Kenyan authorities say the ongoing drought that has left millions of people in need of food aid is also forcing tens of thousands of children in herder communities to drop out of school. Kenya declared a national disaster from the drought in September last year, but it could also be looking at a disaster for education.
Piles of dismembered animal carcasses can be found everywhere in the wake of the devastating drought that has left nearly 4.5 million people in need of aid.
In the village of Quley, in northeast Kenya’s Wajir County, 11-year-old Nadir Mohamed and two of his seven siblings were pulled out of school in August to take care of the family’s livestock.
Their mother, Hindiya Abdi, said the family was forced to move to greener pastures or else the animals would have died, and they would have starved.
“I would have liked the children to remain in school,” she said in Somali. “But we needed their help to survive.”
In the village of Karu, 17-year-old Sadik Dakane arrived at one of the few working boreholes in the area after trekking for two hours under the scorching sun to fetch the much-needed water.
“I left school when the drought struck,” he said in Somali. “My father moved with his cattle to Somalia, leaving my mother and me behind.”
The U.N. Children’s Fund (UNICEF) said in a report last month that more than 400,000 Kenyan students have been affected by the drought and estimated that 66,000 have dropped out of school nationwide.
But the situation for children’s education might be worse.
Sources told VOA that official estimates not yet released show 100,000 children have dropped out of school in just three counties in northeastern Kenya — Garissa, Mandera and Wajir.
Hashim Elmoge, a local good governance activist, is concerned about the long-term impact on the kids’ future.
“If this trend continues, the rate at which pupils are dropping out of schools, then we risk witnessing the largest drop-out rate, the life of an entire generation is at risk and you know what that will mean; producing a generation that does not have quality education,” Elmoge said. “Then there will be a burden — you know, drug abuse, insecurity, terror networks, radicalization and the whole nation is at risk.”

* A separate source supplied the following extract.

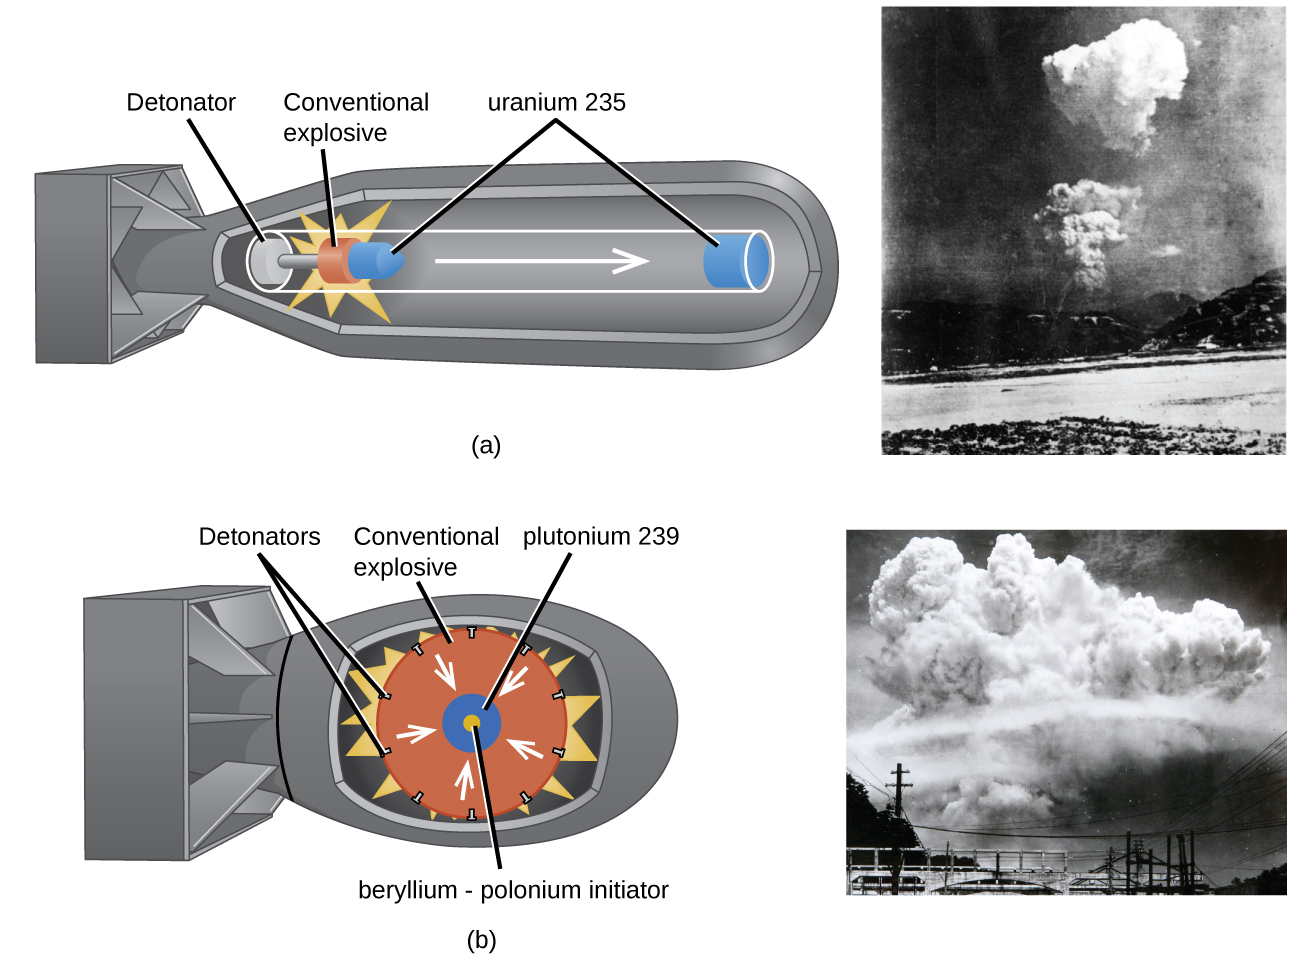 Two diagrams are shown, each to the left of a photo, and labeled “a” and “b.” Diagram a shows the outer casing of a bomb that has a long, tubular shape with a squared-off tail. Components in the shell show a tube with a white disk labeled “Detonator” on the left, an orange disk with a bright yellow starburst drawn around it labeled “Conventional explosive” in the middle and a right-facing arrow leading to a blue disk in the nose of the bomb labeled “uranium 235.” A small blue cone next to the orange disk is shares the label of “uranium 235.” A black and white photo next to this diagram shows a far-off shot of a rising cloud over a landscape. Diagram b shows the outer casing of a bomb that has a short, rounded shape with a squared-off tail. Components in the shell show a large orange circle labeled “Conventional explosive” with a series of black dots around its edge, labeled “Detonators,” and a yellow starburst behind it. White arrows face from the outer edge of the orange circle to a blue circle in the center with a yellow core. The blue circle is labeled “plutonium 239” while the yellow core is labeled “beryllium, dash, polonium initiator.” A black and white photo next to this diagram shows a far-off shot of a giant rising cloud over a landscape.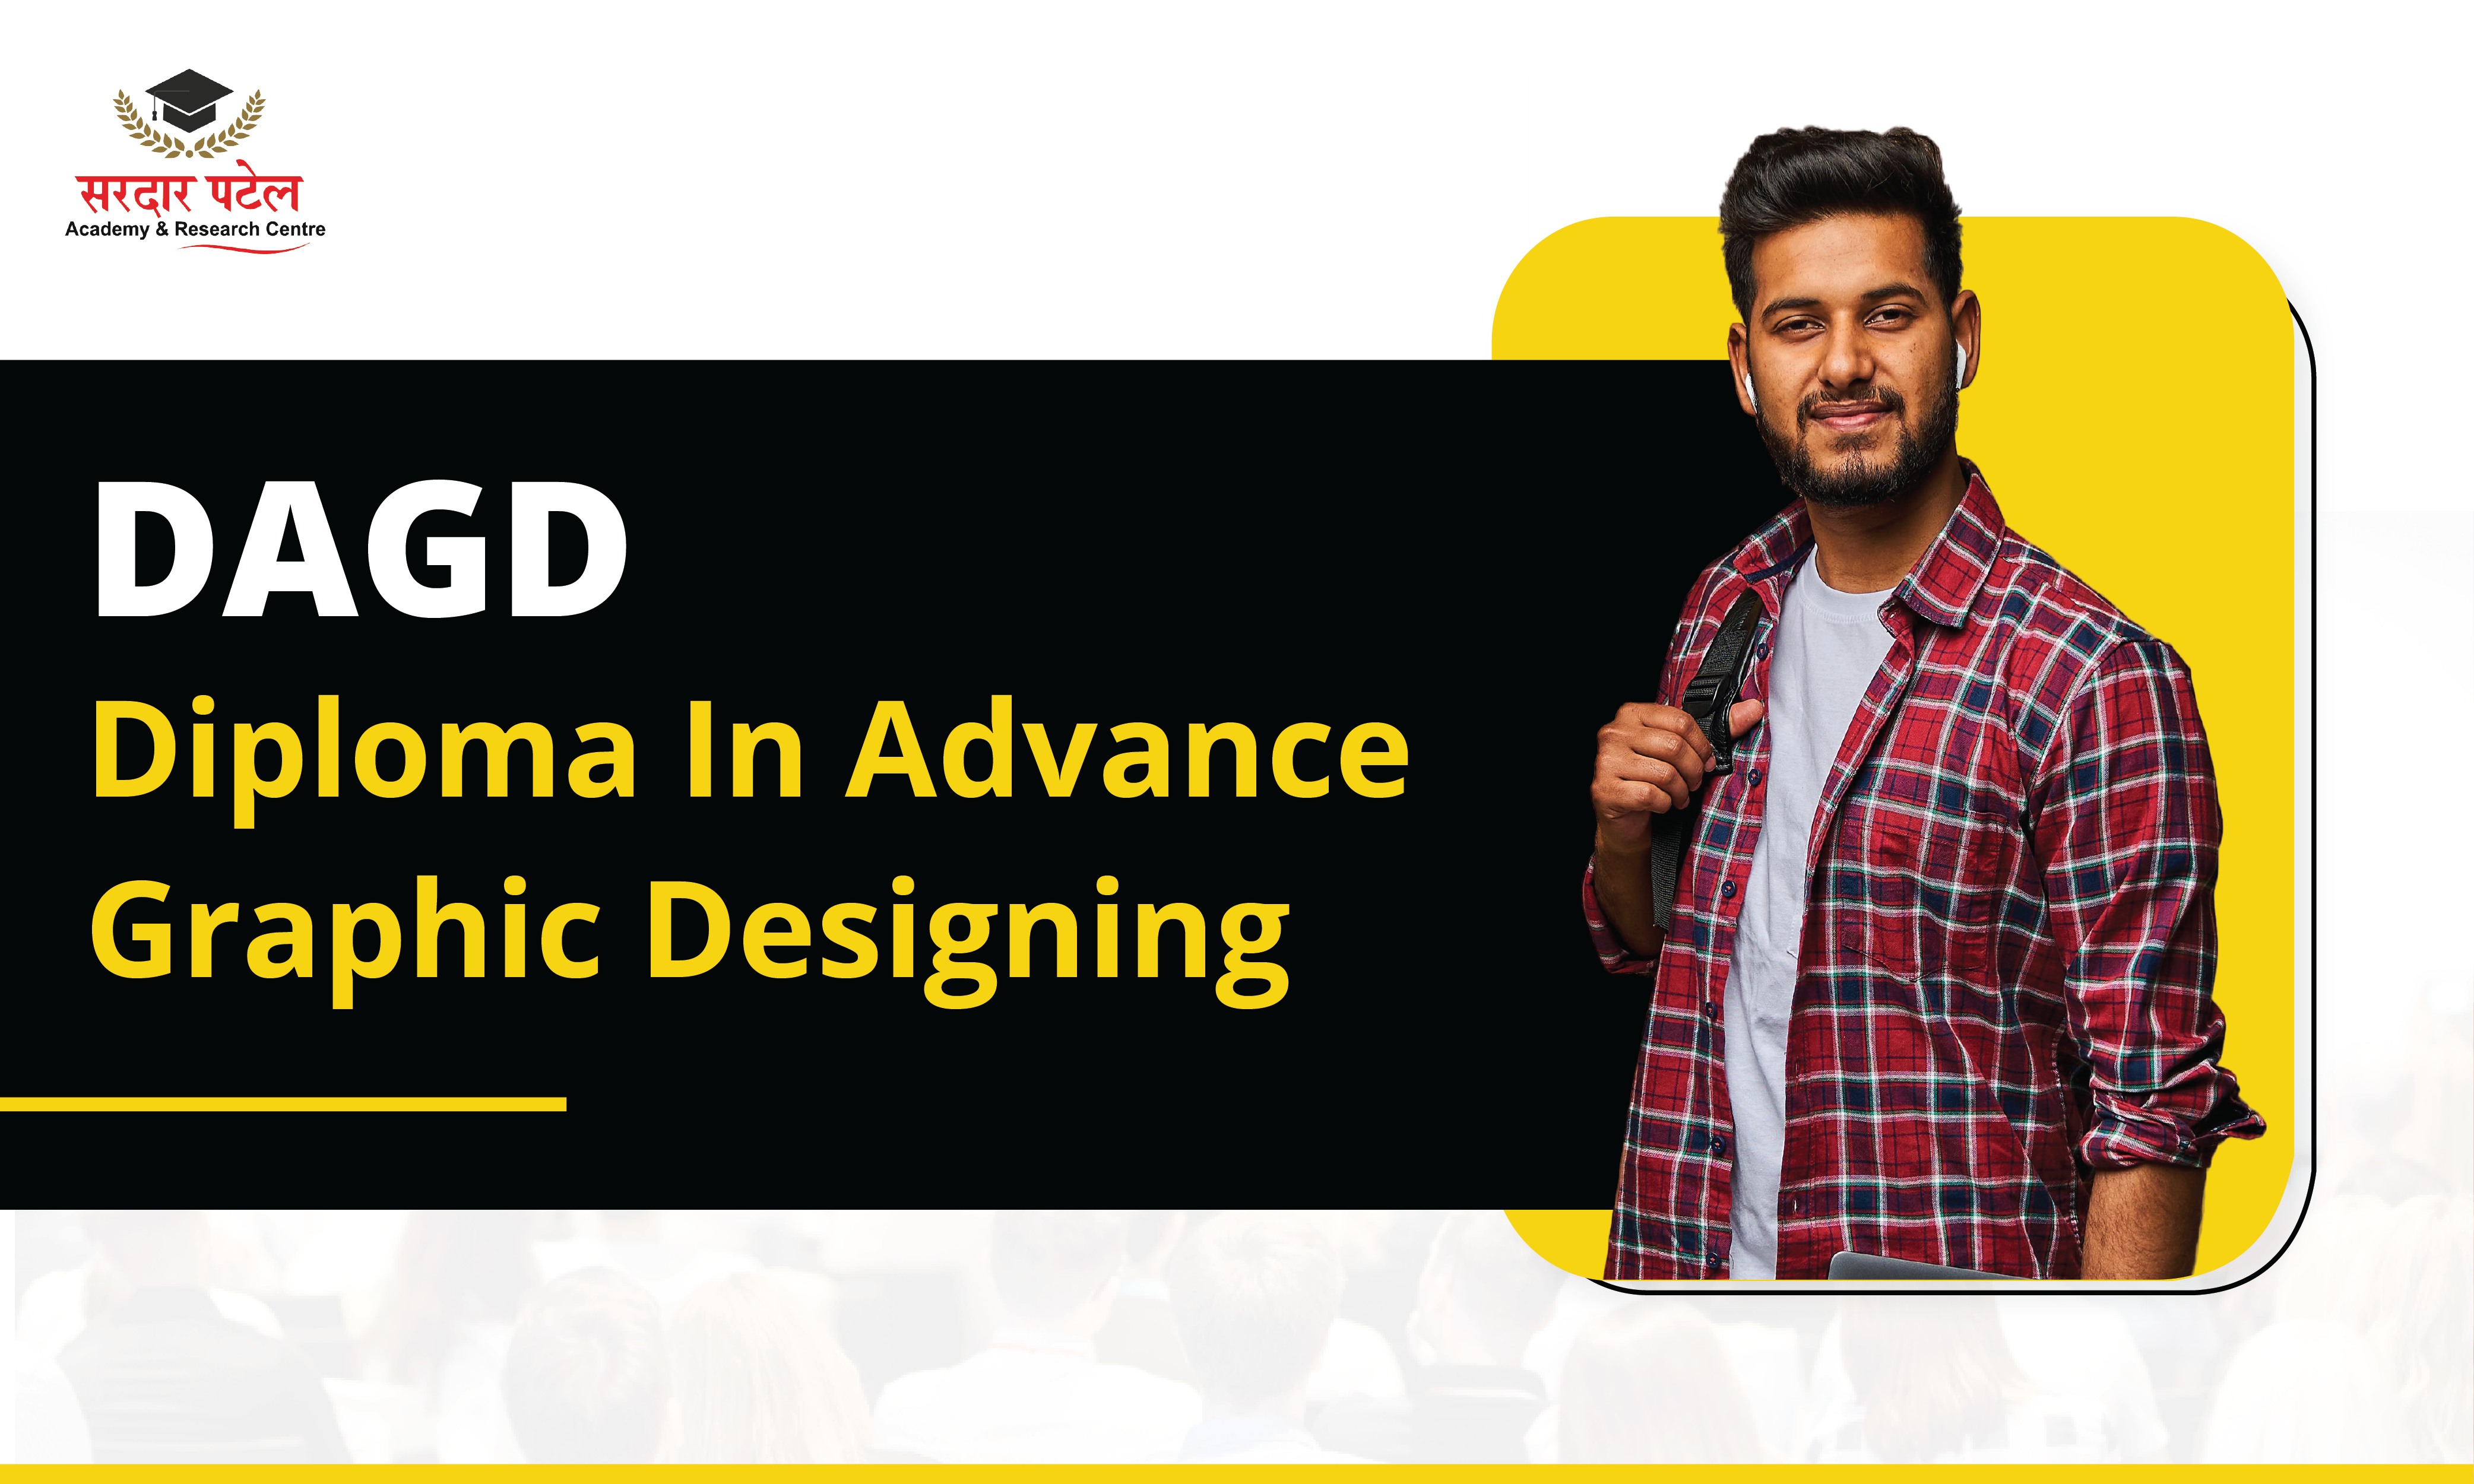 Diploma In Advance Graphic Designing - DAGD

To lessen the impact of the drought, government and aid groups have been sinking more boreholes and bringing emergency food to herders and their livestock.
However, Jilo Roba, the coordinator of the children department in Wajir County, said the needs are too great, and efforts to increase school attendance among the nomadic herder communities are taking a hit.
“The gains that have been made in the past are being reversed by the current severe La Nina drought,” Roba said.
Officials and activists worry if rain doesn’t come soon, more herder families will take their children out of school, and it could take months or even years to get them back in the classroom.